Please set down, unchanged, the line containing "GraphicRiver Blogpost Letter B Logo 6699554" and all the lines that follow it until the data below ends.

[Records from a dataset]
== Segment start ==

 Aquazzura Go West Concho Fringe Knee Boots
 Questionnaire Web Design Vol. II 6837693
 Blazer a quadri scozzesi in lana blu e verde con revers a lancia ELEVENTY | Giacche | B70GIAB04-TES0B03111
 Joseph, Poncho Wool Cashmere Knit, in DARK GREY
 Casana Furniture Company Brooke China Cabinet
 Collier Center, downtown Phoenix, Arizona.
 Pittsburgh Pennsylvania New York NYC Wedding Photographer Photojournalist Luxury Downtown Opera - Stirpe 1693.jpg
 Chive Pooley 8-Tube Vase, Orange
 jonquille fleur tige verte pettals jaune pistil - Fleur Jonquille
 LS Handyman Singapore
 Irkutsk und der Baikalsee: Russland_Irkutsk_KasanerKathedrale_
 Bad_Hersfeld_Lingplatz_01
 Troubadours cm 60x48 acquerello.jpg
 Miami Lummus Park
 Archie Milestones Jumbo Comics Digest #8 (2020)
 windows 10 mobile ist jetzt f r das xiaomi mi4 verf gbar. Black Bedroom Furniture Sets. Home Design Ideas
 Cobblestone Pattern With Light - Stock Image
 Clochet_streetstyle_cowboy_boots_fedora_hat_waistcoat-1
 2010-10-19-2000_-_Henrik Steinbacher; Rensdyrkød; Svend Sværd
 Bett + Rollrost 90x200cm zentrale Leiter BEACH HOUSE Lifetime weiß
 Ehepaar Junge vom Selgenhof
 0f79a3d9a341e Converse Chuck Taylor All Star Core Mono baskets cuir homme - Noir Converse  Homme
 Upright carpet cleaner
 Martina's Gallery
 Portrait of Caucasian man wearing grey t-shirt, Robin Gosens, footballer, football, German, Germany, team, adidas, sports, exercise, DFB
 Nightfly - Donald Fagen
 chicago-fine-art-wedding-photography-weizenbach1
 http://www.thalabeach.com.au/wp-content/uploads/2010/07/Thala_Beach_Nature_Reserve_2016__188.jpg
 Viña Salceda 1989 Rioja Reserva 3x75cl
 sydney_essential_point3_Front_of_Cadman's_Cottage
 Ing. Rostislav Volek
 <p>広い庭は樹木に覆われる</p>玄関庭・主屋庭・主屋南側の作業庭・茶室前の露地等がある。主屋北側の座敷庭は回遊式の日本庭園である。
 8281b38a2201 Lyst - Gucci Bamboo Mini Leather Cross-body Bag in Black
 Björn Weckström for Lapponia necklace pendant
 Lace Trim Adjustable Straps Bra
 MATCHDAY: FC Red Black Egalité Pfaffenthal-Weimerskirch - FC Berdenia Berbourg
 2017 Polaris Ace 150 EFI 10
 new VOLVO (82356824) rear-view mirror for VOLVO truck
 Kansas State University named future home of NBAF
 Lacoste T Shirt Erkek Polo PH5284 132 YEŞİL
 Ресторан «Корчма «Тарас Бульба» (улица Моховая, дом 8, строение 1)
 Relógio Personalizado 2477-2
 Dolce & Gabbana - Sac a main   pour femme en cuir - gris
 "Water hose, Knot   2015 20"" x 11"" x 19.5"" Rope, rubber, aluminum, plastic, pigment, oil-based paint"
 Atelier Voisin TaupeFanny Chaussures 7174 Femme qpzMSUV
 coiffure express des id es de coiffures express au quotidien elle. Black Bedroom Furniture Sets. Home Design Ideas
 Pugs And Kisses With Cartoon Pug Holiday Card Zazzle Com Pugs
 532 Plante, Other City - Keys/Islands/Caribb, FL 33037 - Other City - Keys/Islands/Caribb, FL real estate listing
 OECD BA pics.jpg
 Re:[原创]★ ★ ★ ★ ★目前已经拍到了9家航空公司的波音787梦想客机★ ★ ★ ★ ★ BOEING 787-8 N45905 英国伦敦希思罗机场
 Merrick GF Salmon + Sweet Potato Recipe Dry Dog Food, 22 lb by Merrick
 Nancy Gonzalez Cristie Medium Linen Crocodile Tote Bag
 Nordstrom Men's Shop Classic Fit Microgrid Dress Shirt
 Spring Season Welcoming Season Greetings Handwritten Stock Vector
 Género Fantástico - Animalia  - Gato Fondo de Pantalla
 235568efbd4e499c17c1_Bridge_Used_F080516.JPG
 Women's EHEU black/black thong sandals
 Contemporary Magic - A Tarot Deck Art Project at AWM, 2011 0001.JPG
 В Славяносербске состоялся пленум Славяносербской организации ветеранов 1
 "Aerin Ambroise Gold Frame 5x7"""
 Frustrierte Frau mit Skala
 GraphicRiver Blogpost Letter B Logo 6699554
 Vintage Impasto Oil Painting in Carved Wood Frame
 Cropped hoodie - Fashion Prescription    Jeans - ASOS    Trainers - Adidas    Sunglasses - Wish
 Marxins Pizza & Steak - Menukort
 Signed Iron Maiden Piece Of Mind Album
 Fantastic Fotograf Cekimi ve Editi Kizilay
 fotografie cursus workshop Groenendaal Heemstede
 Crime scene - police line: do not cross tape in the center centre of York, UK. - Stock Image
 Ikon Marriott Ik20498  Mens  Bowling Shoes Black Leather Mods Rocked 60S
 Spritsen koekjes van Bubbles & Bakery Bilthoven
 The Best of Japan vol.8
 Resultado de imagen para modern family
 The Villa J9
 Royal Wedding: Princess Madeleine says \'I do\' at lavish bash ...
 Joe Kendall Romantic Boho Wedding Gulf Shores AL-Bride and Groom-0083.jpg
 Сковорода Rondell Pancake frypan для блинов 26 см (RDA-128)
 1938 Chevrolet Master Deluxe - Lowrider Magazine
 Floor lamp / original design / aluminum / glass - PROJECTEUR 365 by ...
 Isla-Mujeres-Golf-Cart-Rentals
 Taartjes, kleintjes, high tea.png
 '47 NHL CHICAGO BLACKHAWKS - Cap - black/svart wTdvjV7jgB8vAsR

== Segment end ==

### COMPLETED TASK
 GraphicRiver Blogpost Letter B Logo 6699554
 Vintage Impasto Oil Painting in Carved Wood Frame
 Cropped hoodie - Fashion Prescription    Jeans - ASOS    Trainers - Adidas    Sunglasses - Wish
 Marxins Pizza & Steak - Menukort
 Signed Iron Maiden Piece Of Mind Album
 Fantastic Fotograf Cekimi ve Editi Kizilay
 fotografie cursus workshop Groenendaal Heemstede
 Crime scene - police line: do not cross tape in the center centre of York, UK. - Stock Image
 Ikon Marriott Ik20498  Mens  Bowling Shoes Black Leather Mods Rocked 60S
 Spritsen koekjes van Bubbles & Bakery Bilthoven
 The Best of Japan vol.8
 Resultado de imagen para modern family
 The Villa J9
 Royal Wedding: Princess Madeleine says \'I do\' at lavish bash ...
 Joe Kendall Romantic Boho Wedding Gulf Shores AL-Bride and Groom-0083.jpg
 Сковорода Rondell Pancake frypan для блинов 26 см (RDA-128)
 1938 Chevrolet Master Deluxe - Lowrider Magazine
 Floor lamp / original design / aluminum / glass - PROJECTEUR 365 by ...
 Isla-Mujeres-Golf-Cart-Rentals
 Taartjes, kleintjes, high tea.png
 '47 NHL CHICAGO BLACKHAWKS - Cap - black/svart wTdvjV7jgB8vAsR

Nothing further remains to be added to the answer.